+++ INPUT RECORDS

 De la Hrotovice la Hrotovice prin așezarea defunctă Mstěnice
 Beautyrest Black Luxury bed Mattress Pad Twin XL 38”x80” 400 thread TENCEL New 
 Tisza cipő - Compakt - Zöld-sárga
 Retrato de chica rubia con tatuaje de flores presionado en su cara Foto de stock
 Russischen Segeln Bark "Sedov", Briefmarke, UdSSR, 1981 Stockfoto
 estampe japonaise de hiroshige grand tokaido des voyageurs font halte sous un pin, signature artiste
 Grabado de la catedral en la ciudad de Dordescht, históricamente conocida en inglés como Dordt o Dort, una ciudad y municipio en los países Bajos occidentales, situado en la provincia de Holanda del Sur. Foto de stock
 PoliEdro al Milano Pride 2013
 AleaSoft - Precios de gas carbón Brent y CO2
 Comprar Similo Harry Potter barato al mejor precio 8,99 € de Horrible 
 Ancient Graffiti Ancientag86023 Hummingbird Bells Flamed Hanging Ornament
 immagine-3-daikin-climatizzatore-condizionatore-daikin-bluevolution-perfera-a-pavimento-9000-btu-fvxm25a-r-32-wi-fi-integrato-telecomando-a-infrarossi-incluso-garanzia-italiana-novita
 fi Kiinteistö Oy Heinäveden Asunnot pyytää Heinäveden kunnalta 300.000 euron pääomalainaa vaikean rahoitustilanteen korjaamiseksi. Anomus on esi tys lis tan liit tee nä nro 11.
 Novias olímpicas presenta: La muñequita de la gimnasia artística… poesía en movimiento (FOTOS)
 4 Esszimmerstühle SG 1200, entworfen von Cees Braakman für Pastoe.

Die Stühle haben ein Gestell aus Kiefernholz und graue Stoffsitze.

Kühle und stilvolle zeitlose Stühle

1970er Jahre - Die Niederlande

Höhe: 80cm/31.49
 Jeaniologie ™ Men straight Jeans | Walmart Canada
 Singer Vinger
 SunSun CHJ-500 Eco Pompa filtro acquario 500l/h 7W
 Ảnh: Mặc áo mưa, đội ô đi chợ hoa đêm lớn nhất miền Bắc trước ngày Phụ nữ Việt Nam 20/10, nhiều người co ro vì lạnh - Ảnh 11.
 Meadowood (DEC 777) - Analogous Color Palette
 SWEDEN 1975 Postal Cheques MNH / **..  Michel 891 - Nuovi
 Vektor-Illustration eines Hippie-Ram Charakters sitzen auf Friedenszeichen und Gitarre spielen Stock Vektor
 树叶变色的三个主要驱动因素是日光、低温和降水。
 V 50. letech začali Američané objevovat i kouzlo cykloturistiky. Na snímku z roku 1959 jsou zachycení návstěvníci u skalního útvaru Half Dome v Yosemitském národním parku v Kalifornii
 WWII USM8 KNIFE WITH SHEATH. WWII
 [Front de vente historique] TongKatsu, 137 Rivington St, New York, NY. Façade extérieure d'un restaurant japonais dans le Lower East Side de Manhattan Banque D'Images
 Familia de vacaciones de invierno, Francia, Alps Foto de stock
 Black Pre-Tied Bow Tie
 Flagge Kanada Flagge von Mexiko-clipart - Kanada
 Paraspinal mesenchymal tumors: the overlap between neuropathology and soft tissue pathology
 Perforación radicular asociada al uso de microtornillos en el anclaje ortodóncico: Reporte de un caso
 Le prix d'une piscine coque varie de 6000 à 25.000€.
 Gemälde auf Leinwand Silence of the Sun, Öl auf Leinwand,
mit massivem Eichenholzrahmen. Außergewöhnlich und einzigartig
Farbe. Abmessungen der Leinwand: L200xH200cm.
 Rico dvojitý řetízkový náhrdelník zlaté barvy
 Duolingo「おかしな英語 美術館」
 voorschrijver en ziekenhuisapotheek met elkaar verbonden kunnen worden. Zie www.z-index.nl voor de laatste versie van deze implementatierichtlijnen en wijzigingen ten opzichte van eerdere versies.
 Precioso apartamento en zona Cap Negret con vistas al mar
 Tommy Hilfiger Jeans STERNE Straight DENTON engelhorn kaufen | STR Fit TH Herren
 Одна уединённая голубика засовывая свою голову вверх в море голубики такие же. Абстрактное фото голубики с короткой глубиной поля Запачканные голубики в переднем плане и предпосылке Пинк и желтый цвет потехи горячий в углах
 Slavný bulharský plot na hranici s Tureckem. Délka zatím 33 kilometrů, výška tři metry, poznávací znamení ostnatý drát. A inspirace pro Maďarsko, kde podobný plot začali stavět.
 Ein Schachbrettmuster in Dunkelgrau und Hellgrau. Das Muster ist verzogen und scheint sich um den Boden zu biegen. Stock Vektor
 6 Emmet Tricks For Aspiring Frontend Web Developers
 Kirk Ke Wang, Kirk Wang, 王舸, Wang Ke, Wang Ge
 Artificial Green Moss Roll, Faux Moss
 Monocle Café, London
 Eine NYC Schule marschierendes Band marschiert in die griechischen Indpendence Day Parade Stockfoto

++++++

[DIRECTIONS FOR THIS TASK]: The lines above from the one containing "WWII USM8 KNIFE WITH SHEATH. WWII" through the one containing "Monocle Café, London" are to be set down exactly, and no others.

[OUTPUT FOR THIS EXERCISE]:
 WWII USM8 KNIFE WITH SHEATH. WWII
 [Front de vente historique] TongKatsu, 137 Rivington St, New York, NY. Façade extérieure d'un restaurant japonais dans le Lower East Side de Manhattan Banque D'Images
 Familia de vacaciones de invierno, Francia, Alps Foto de stock
 Black Pre-Tied Bow Tie
 Flagge Kanada Flagge von Mexiko-clipart - Kanada
 Paraspinal mesenchymal tumors: the overlap between neuropathology and soft tissue pathology
 Perforación radicular asociada al uso de microtornillos en el anclaje ortodóncico: Reporte de un caso
 Le prix d'une piscine coque varie de 6000 à 25.000€.
 Gemälde auf Leinwand Silence of the Sun, Öl auf Leinwand,
mit massivem Eichenholzrahmen. Außergewöhnlich und einzigartig
Farbe. Abmessungen der Leinwand: L200xH200cm.
 Rico dvojitý řetízkový náhrdelník zlaté barvy
 Duolingo「おかしな英語 美術館」
 voorschrijver en ziekenhuisapotheek met elkaar verbonden kunnen worden. Zie www.z-index.nl voor de laatste versie van deze implementatierichtlijnen en wijzigingen ten opzichte van eerdere versies.
 Precioso apartamento en zona Cap Negret con vistas al mar
 Tommy Hilfiger Jeans STERNE Straight DENTON engelhorn kaufen | STR Fit TH Herren
 Одна уединённая голубика засовывая свою голову вверх в море голубики такие же. Абстрактное фото голубики с короткой глубиной поля Запачканные голубики в переднем плане и предпосылке Пинк и желтый цвет потехи горячий в углах
 Slavný bulharský plot na hranici s Tureckem. Délka zatím 33 kilometrů, výška tři metry, poznávací znamení ostnatý drát. A inspirace pro Maďarsko, kde podobný plot začali stavět.
 Ein Schachbrettmuster in Dunkelgrau und Hellgrau. Das Muster ist verzogen und scheint sich um den Boden zu biegen. Stock Vektor
 6 Emmet Tricks For Aspiring Frontend Web Developers
 Kirk Ke Wang, Kirk Wang, 王舸, Wang Ke, Wang Ge
 Artificial Green Moss Roll, Faux Moss
 Monocle Café, London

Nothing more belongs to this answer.